I'm trying to install ntop form ports and there seems to be some kind of problem I can't figure out how to solve.



> /usr/ports/net/ntop]# make install clean
> ===>   ntop-3.3.8 depends on package: rrdtool>=1.2 - found
> ===>   ntop-3.3.8 depends on executable: gmake - found
> ===>   ntop-3.3.8 depends on file: /usr/local/bin/automake-1.9 - found
> ...





> autoconf -V
> autoconf (GNU Autoconf) 2.62



I also tried deinstalling 2.62 and installing 2.61, didn't work either, but there was something wierd. It still said that it is generated for 2.61 and that I have another version, although that isn't the situation.
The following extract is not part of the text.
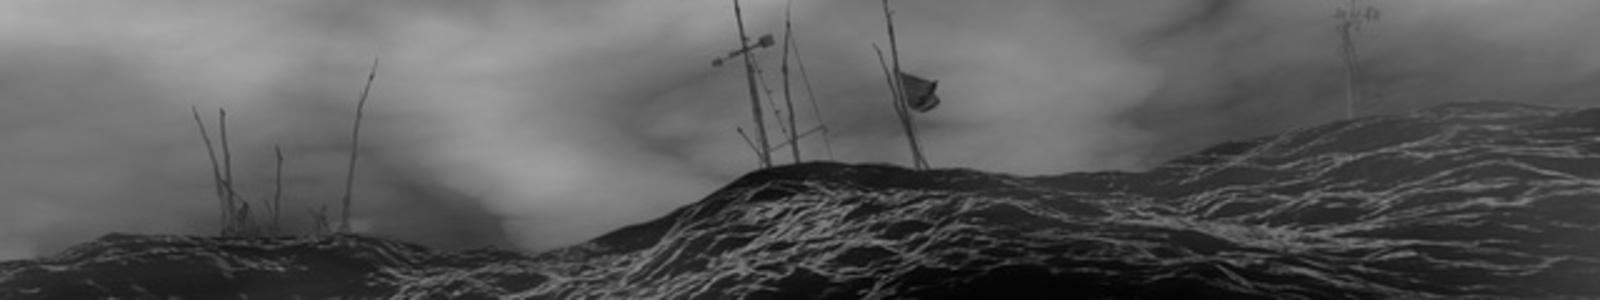 Arkhipelagos (Navigating the Tides of Time)

Is there a solution to this problem and if it isn't a problem that you write a straight forward one with a little explanation.

Thank You in advance.

With regards,
hmp


----------



## DutchDaemon (Feb 23, 2009)

Did you do a *make clean* before retrying the build?


----------



## jb_fvwm2 (Feb 23, 2009)

to the OP:

I dont know, but I'd 
make run-depends-list; 
make build-depends-list
in /devel/autoconf262/ 
and rebuild the five or so ports (deinstall
and install anew).  If I suspected
that was the problem.  
you can guess the oldest by
ls -lac /var/db/pkg/m4- (etc) for
each of them and see their least recent file
creation or modification times.


----------



## hmp (Feb 23, 2009)

I did it both and it worked. Think I might have forgoten to make clean that one time I changed the version.

All nice and fine, it configures fine, but wait... There is an error in the making process ( or should I say "many errors"? ).
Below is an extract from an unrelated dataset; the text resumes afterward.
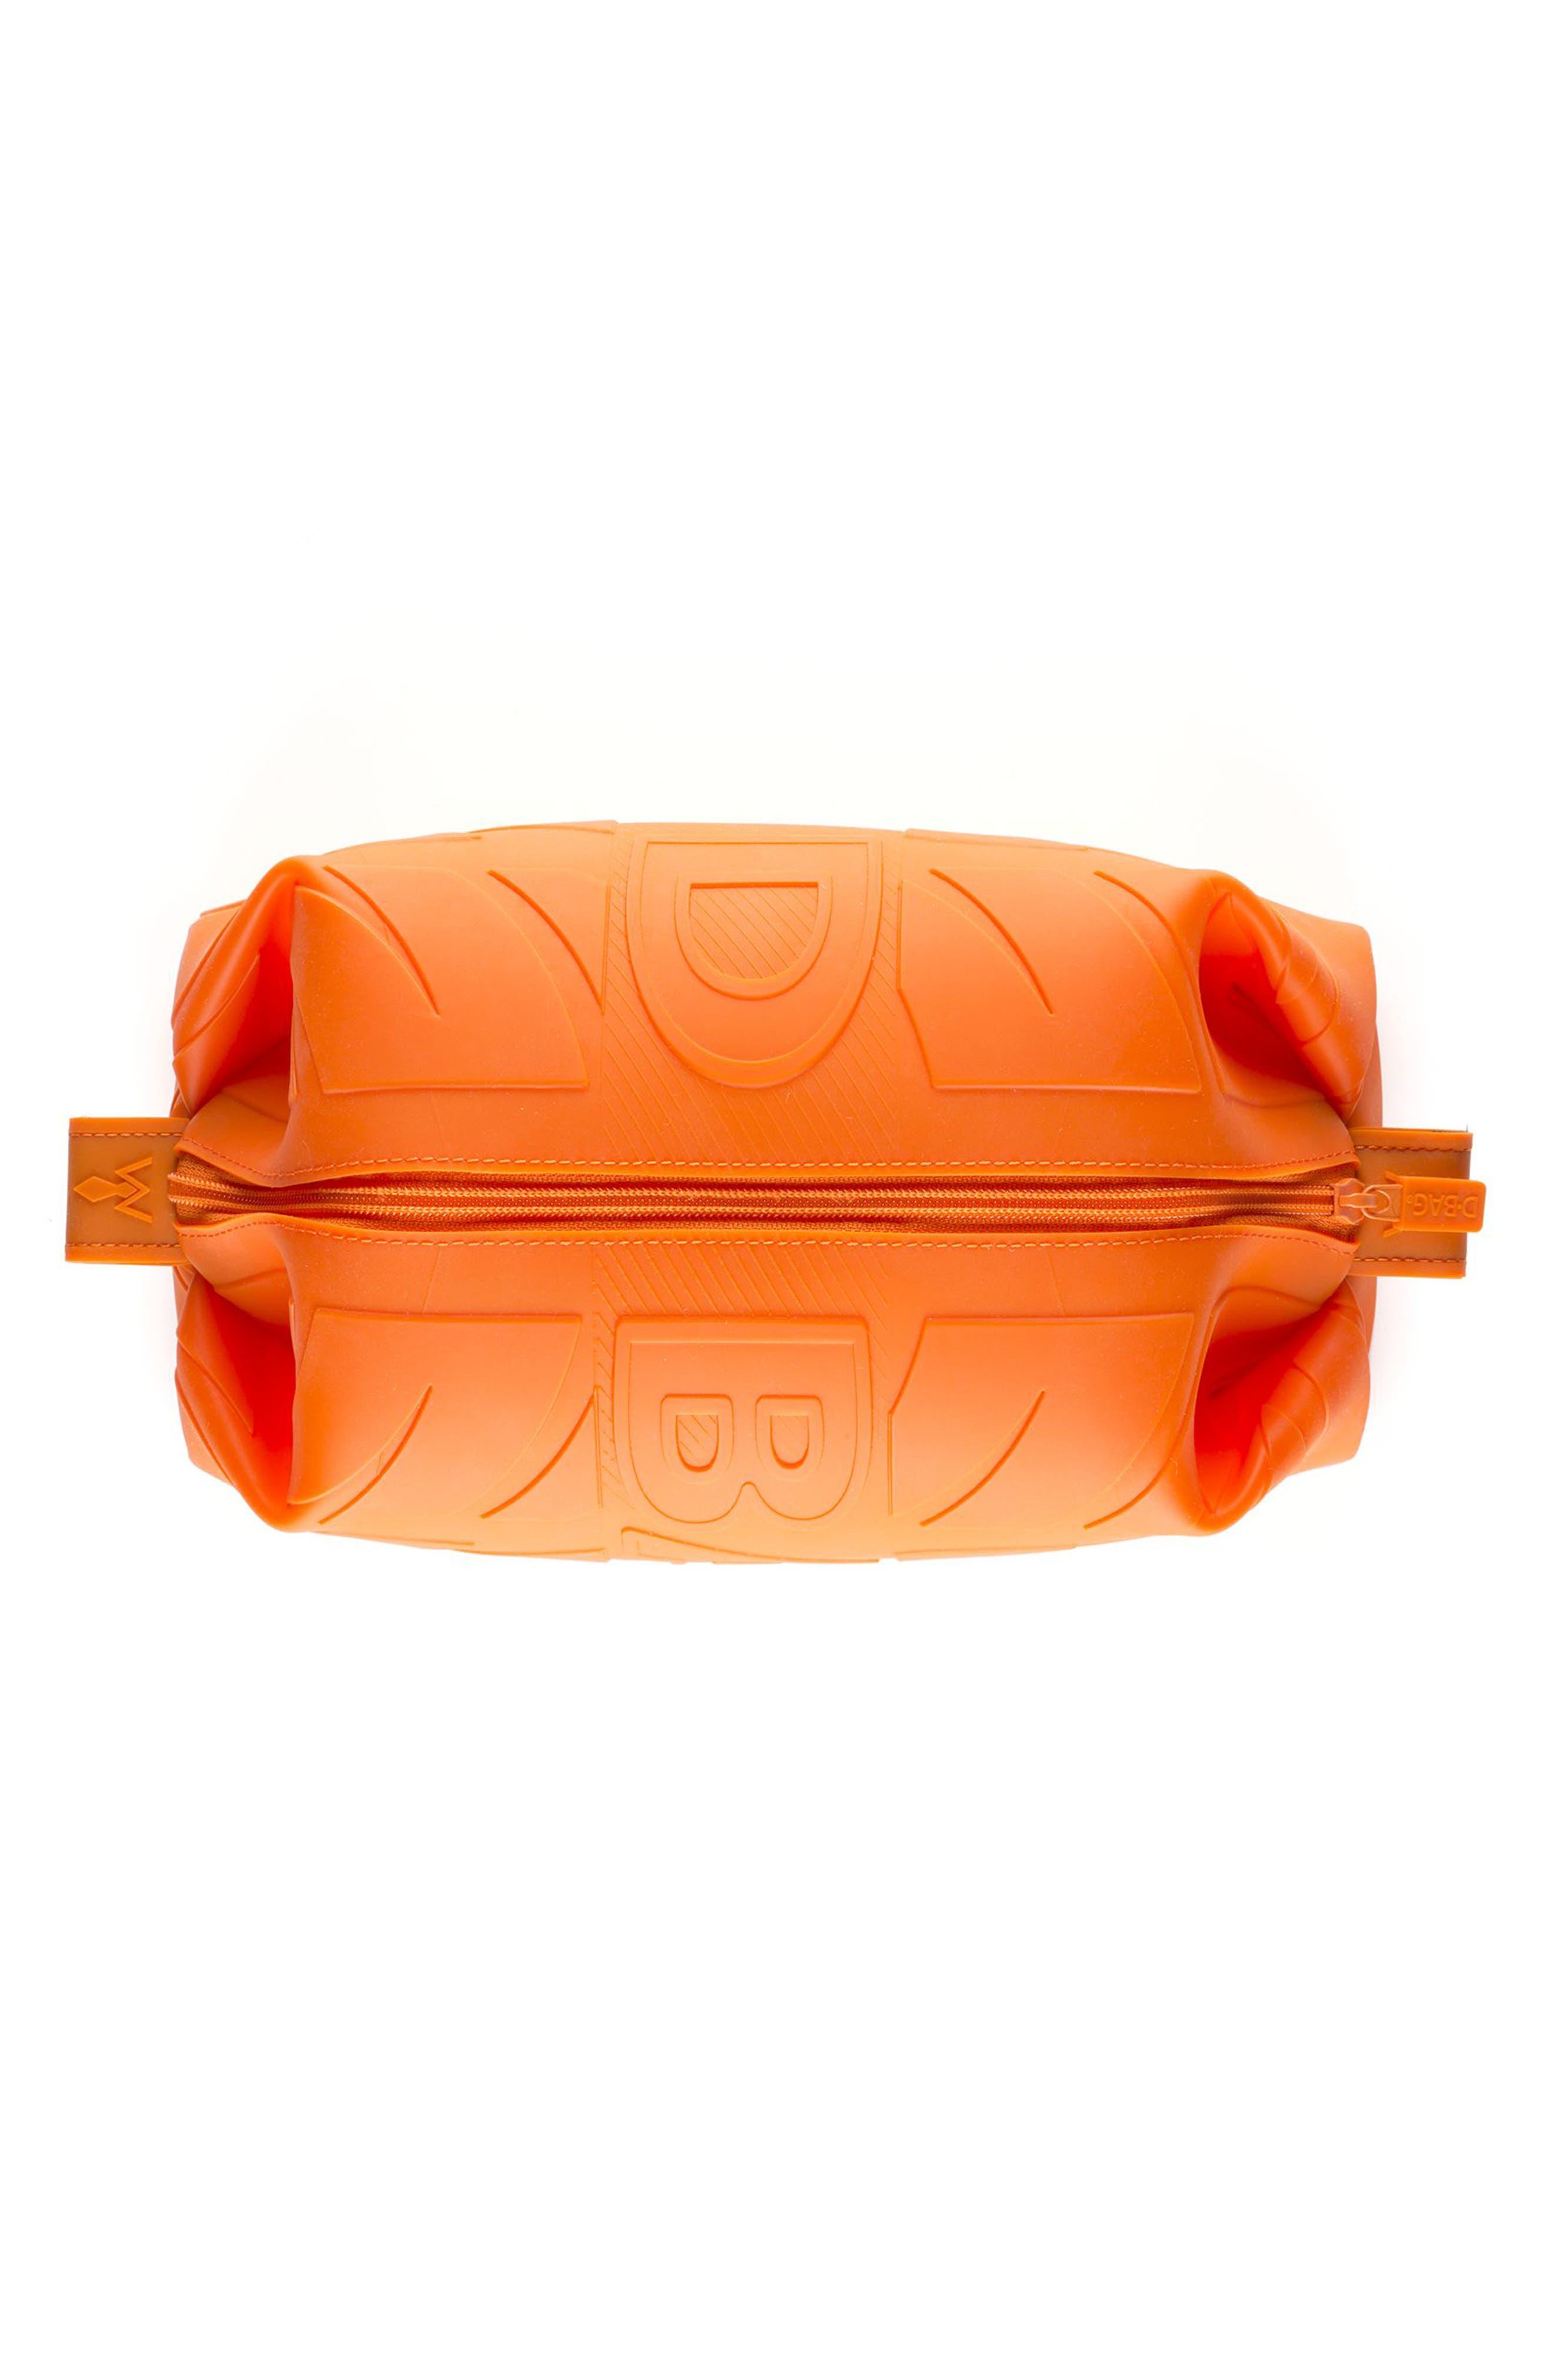 Silicone Travel Kit,                             Alternate thumbnail 2, color,                             Orange

> gmake[1]: Entering directory `/usr/ports/net/ntop/work/ntop-3.3.8'
> Making all in .
> gmake[2]: Entering directory `/usr/ports/net/ntop/work/ntop-3.3.8'
> if /bin/sh ./libtool --tag=CC --mode=compile cc -DHAVE_CONFIG_H -I. -I. -I. -I. -I/usr -I/usr/local/include -I/usr/include  -DAPPLLIB_EXP="/usr/local/lib/perl5/5.8.8/BSDPAN" -DHAS_FPSETMASK -DHAS_FLOATINGPOINT_H -fno-strict-aliasing -pipe -Wdeclaration-after-statement -I/usr/local/include  -I/usr/local/lib/perl5/5.8.8/mach/CORE    -DFREEBSD -I/usr/local/include -I/opt/local/include -I/usr/local/include -I/usr/include  -g -O2 -fno-strict-aliasing -pipe -I/usr/local/include -I/opt/local/include -g -Wshadow -Wpointer-arith -Wmissing-prototypes -Wmissing-declarations -Wnested-externs  -fPIC -DPIC -MT address.lo -MD -MP -MF ".deps/address.Tpo" -c -o address.lo address.c; \
> ...



While configuring he clearly finds it: checking for typedef u_int64_t... yes

I tried to manually add it to /usr/local/include/stdint.h and it exists in /usr/include/sys/types.h but nothing changes. Seems this program doesn't like me.
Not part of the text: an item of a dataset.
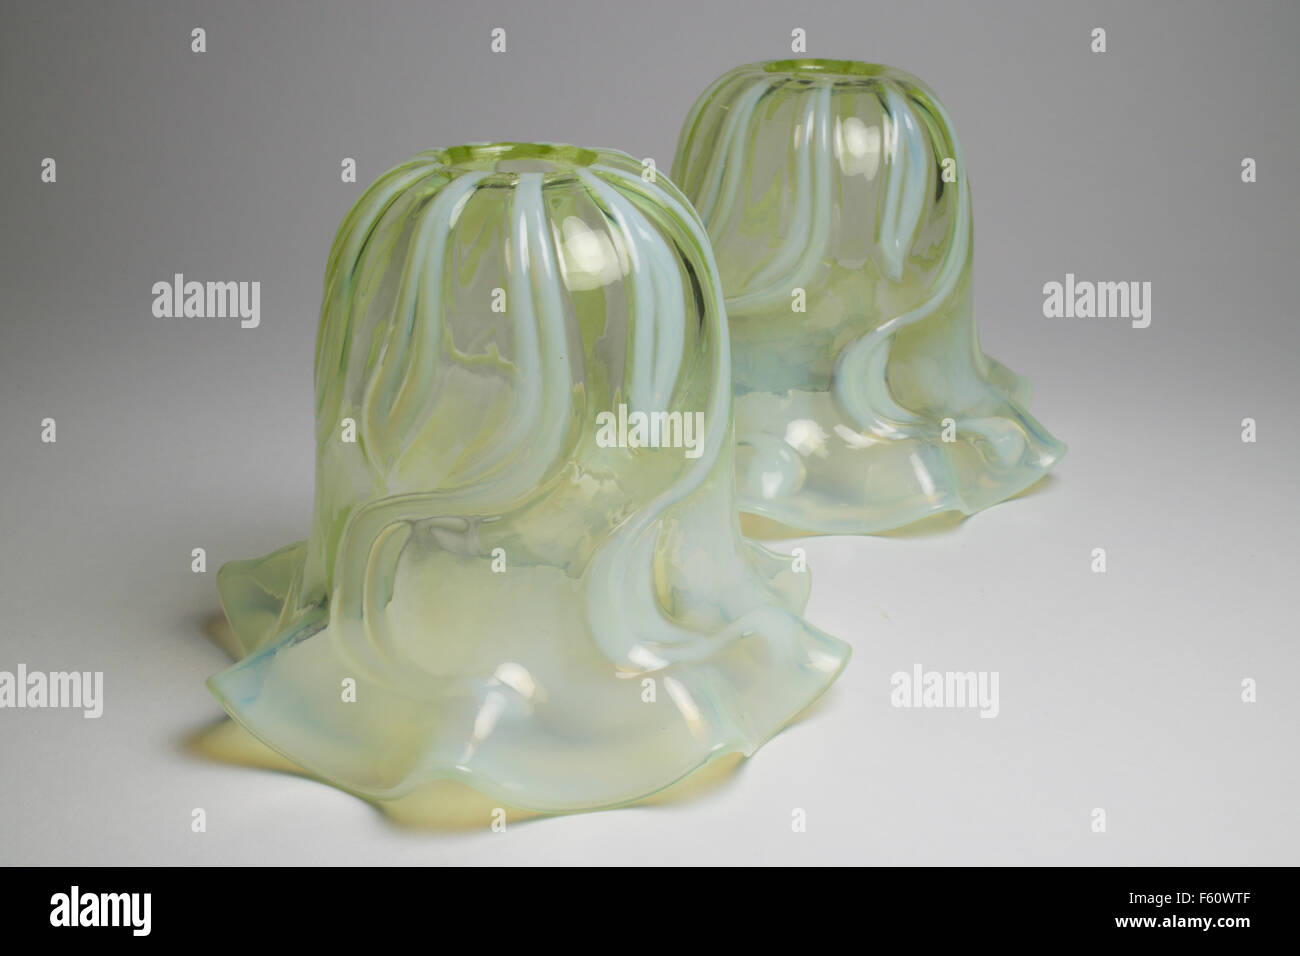 Antique Pair Of Art Nouveau Opalescent Glass Light Lamp Shades Stock Photo Alamy

P.S. I just saw i posted it in the wrong section so can the mod/admin please move it to the right one.

Thank You.

With regards,
hmp


----------



## jb_fvwm2 (Feb 24, 2009)

if you install /portsopt/ then
run that in /ntop/, it may show you
configurations you can change that might
fix the build


----------



## hmp (Feb 24, 2009)

Did that, found nothing useful.

Thank You.

With regards,
hmp


----------